Adding the story context to the photo makes its usage even stranger. The thorough, fascinating article, by Roni Caryn Rabin, discusses a proposal in Israel to screen a portion of its citizenry for a BRCA mutation. The debate touches on everything from genetic risk to religious observances to the stratified, racialized culture there that keeps Ashkenazi Jews at the top of the societal hierarchy. The proposed national screening would only cover Ashkenazis, who Rabin reports, are more than twice as likely to carry a mutation than the general population:
The goal of a proposed universal screening program would be to identify an estimated 30,000 Israeli women who have the mutations. So far, with sporadic testing, about 6,000 of them have been found, many only after a cancer diagnosis, said Dr. Ephrat Levy-Lahad, the coordinator of the Israel Genetics Consortium.
…Women who tested positive for mutations in the BRCA1 and BRCA2 genes … would be strongly encouraged to complete child bearing by their late 30s so they could have their ovaries removed by age 40. Risk-reducing mastectomies would also be offered.

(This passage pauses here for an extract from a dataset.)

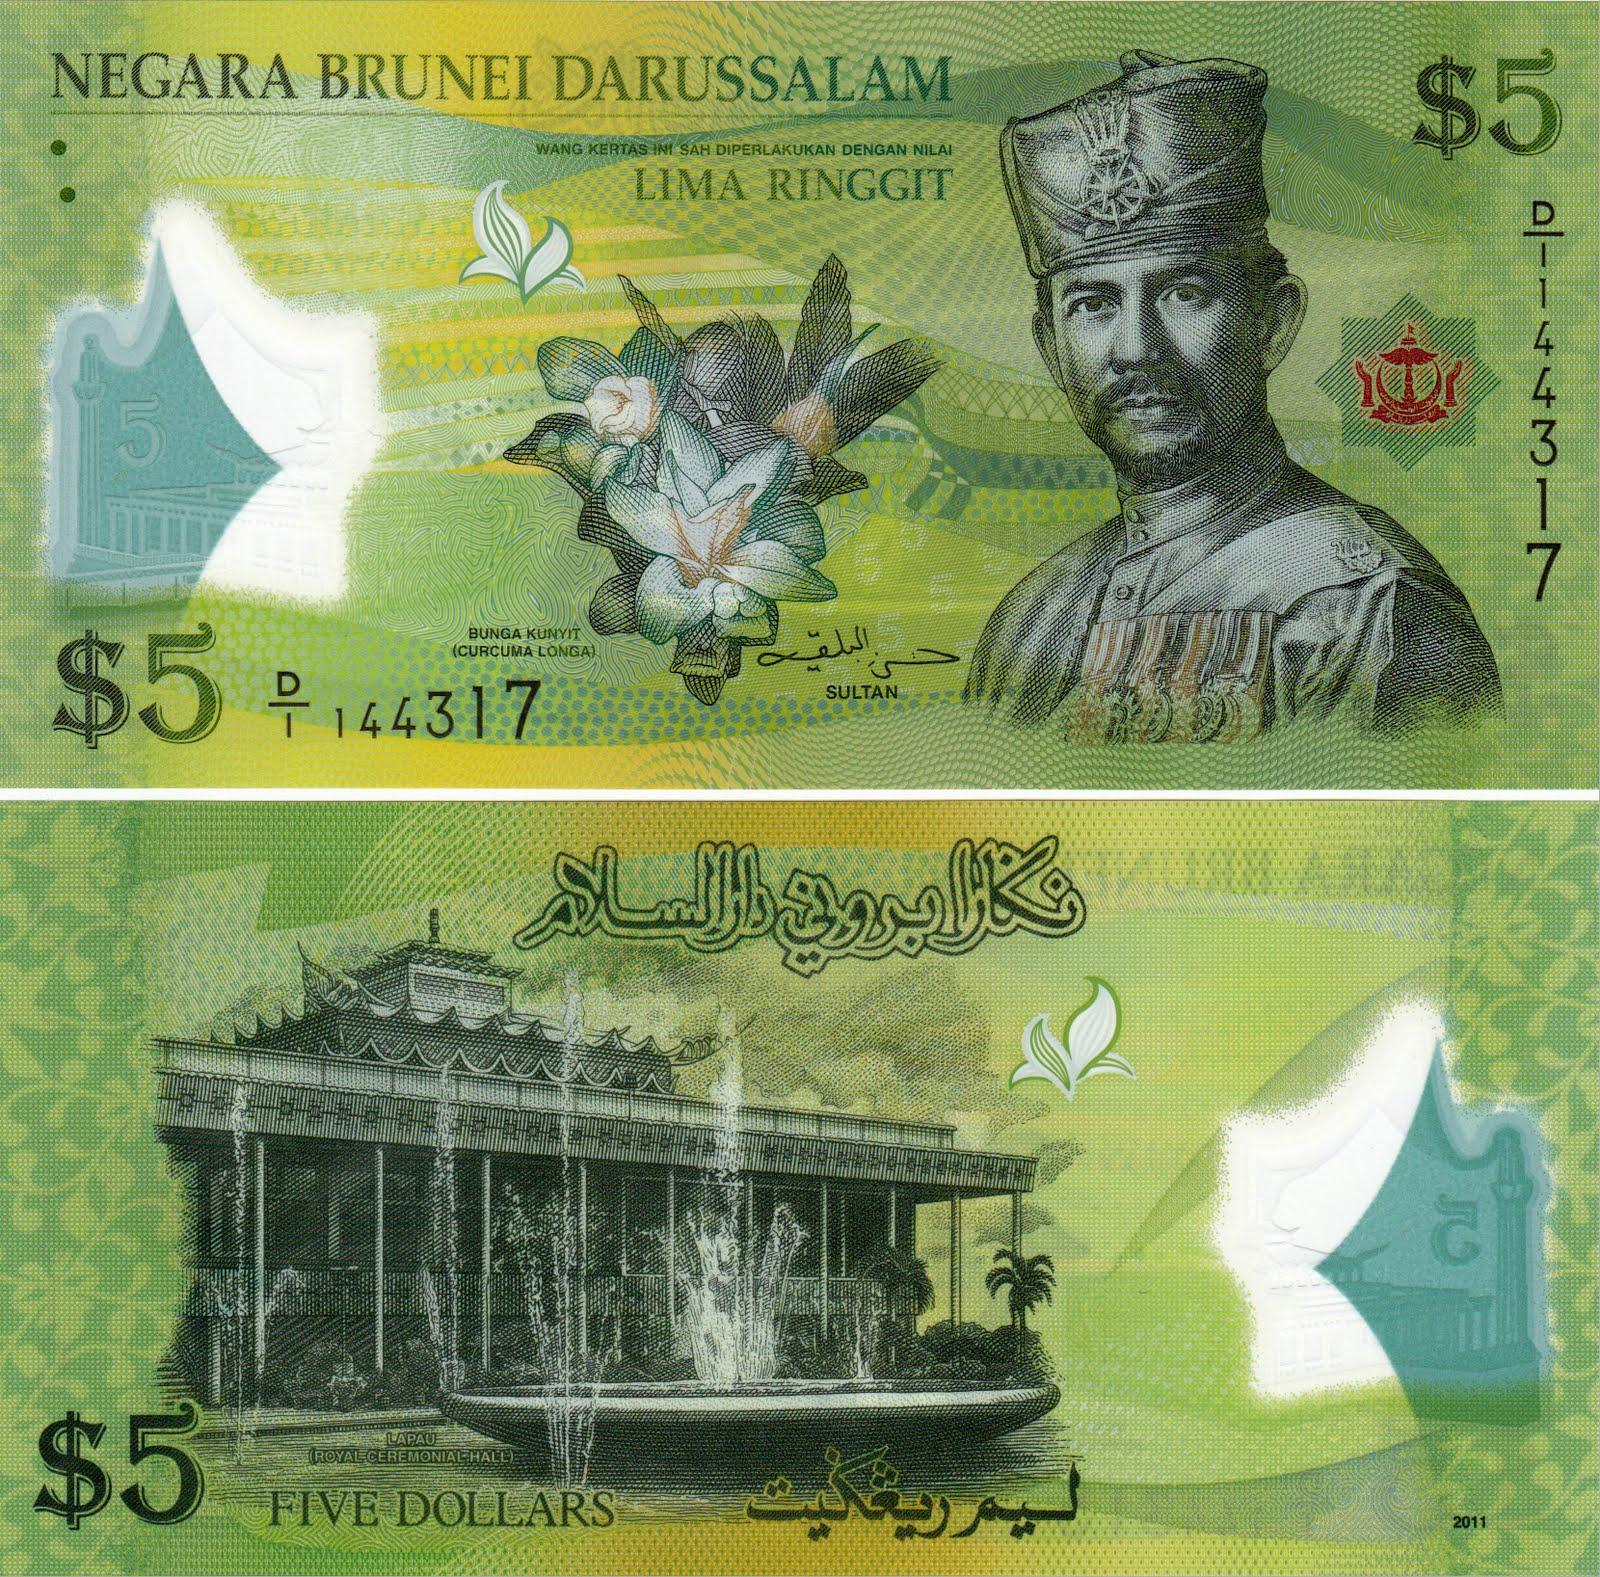 Penukaran Ringgit Brunei Ke Rupiah Hari Ini, Sekarang Digital Penuh
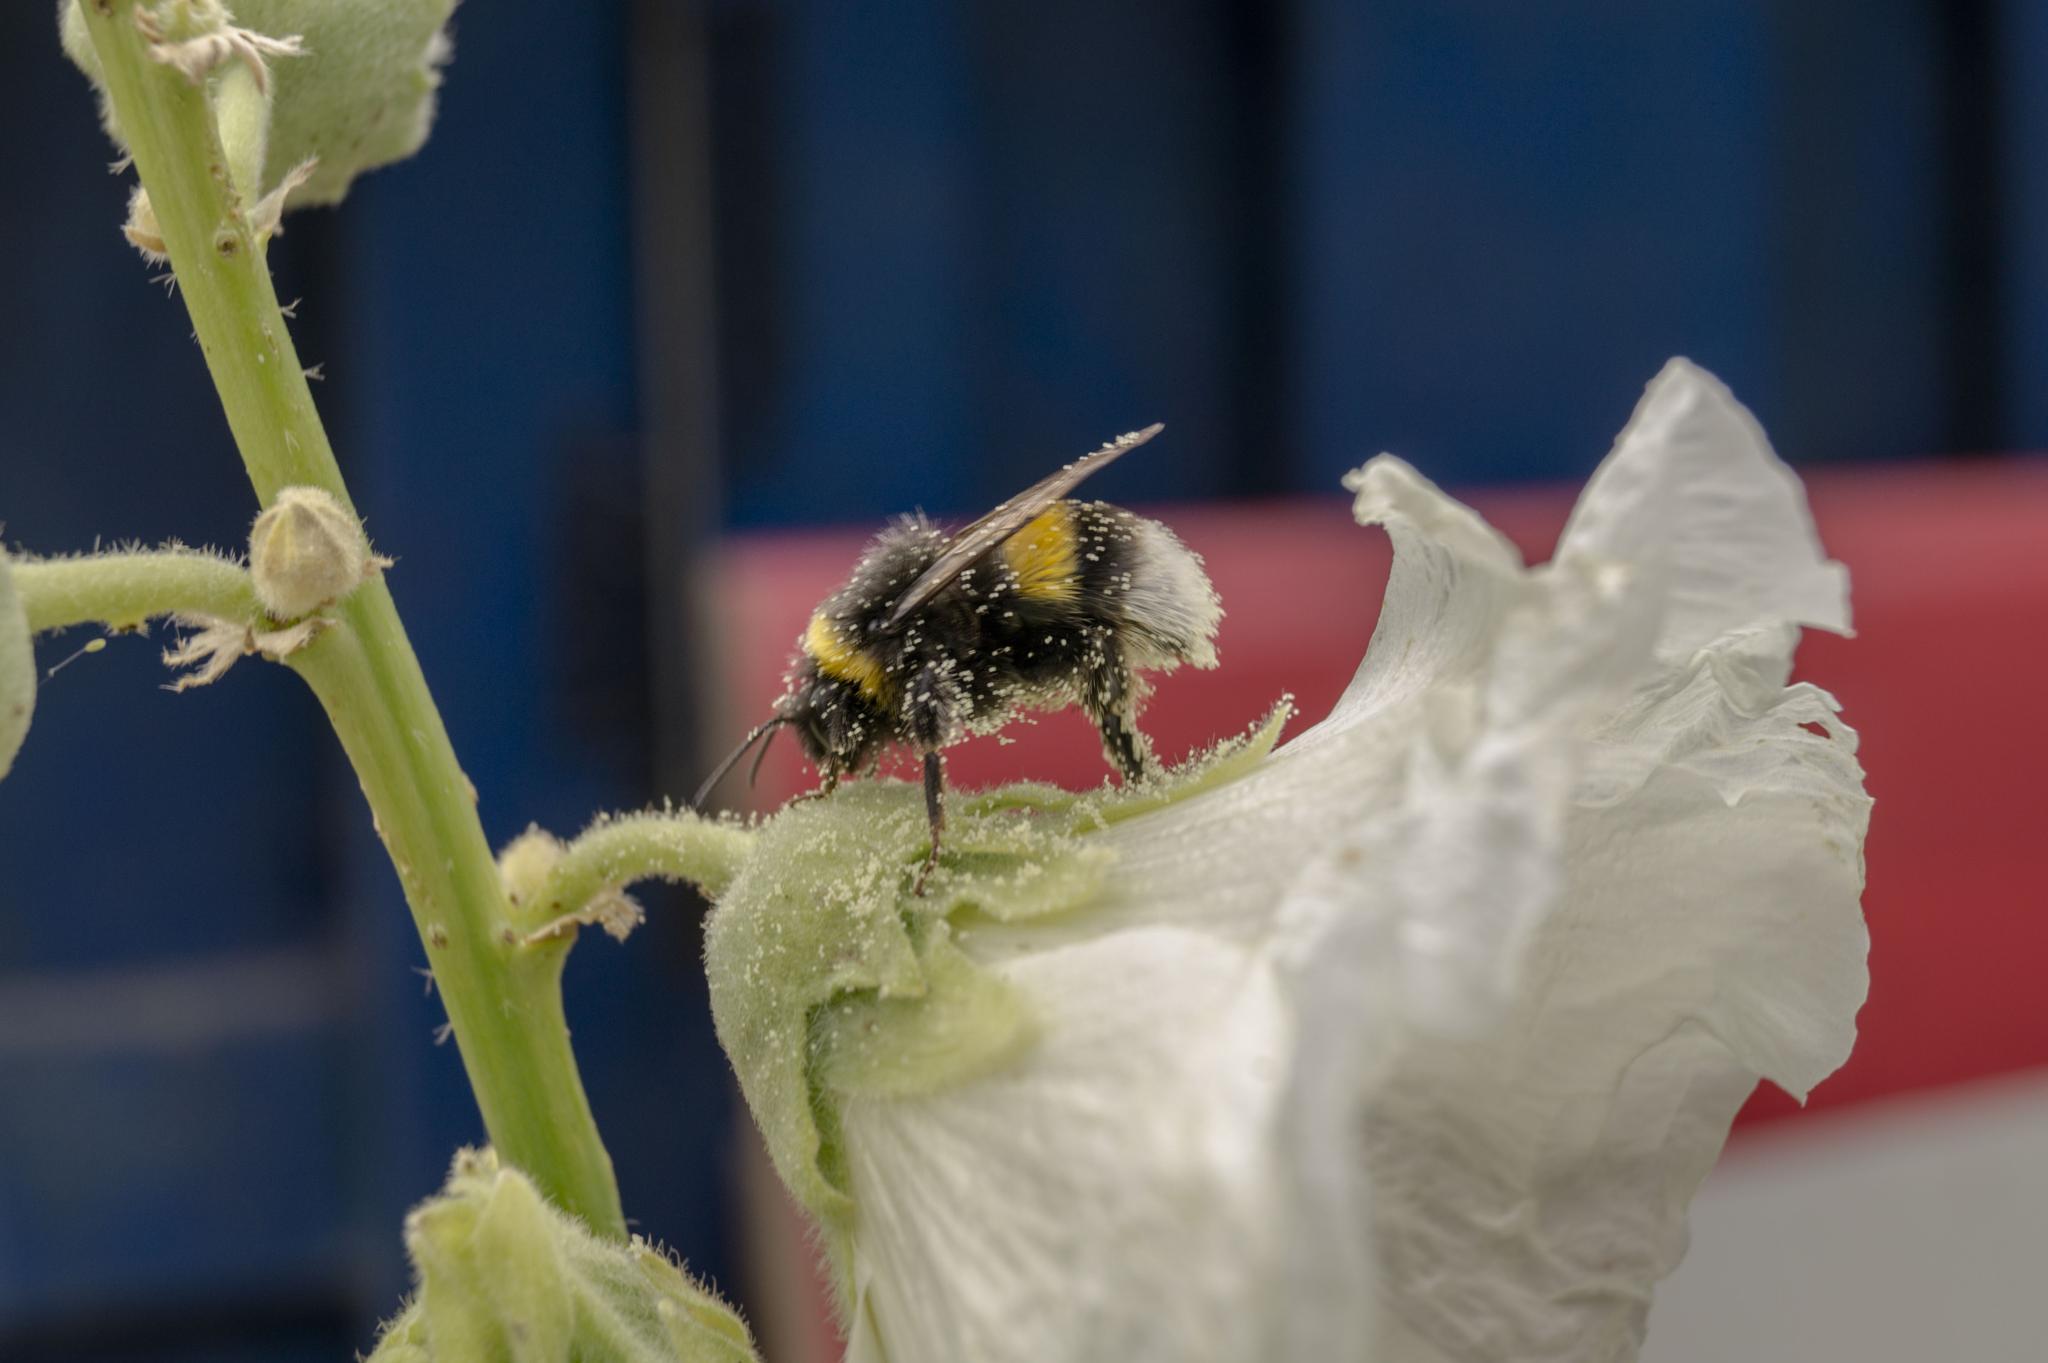 Bumblebee on Alcea rosea with pollen by Roelof de Haan

So the screening program aims to identify women who would be candidates for much more drastic, and disfiguring, surgeries than the lumpectomy scar the photo depicts. Lumpectomies are used to remove a diagnosed, localized cancer, not to mitigate risk, often done by removing the majority of a woman’s breast tissue. A mastectomy patient is shown way at the bottom of the story’s online version, but that image didn’t make it into print.
Younger women who are diagnosed with breast cancer are likely to suffer from more aggressive, harder-to-treat cancers–types that usually require a mastectomy and additional treatment. The woman in the image, then–and I–are statistical rarities, and her torso misrepresents what breast cancer will look like for most of the women discussed in the story, BRCA mutation or no.
This misrepresentation is irresponsible for a paper that carries clout in setting, and furthering debates here and around the world, especially with its recent rebranding of the International Herald Tribune to the International New York Times. Breast cancer–all cancers–are big, bad, ugly diseases and rarely resemble the buxom rack splashed beneath Wednesday’s masthead.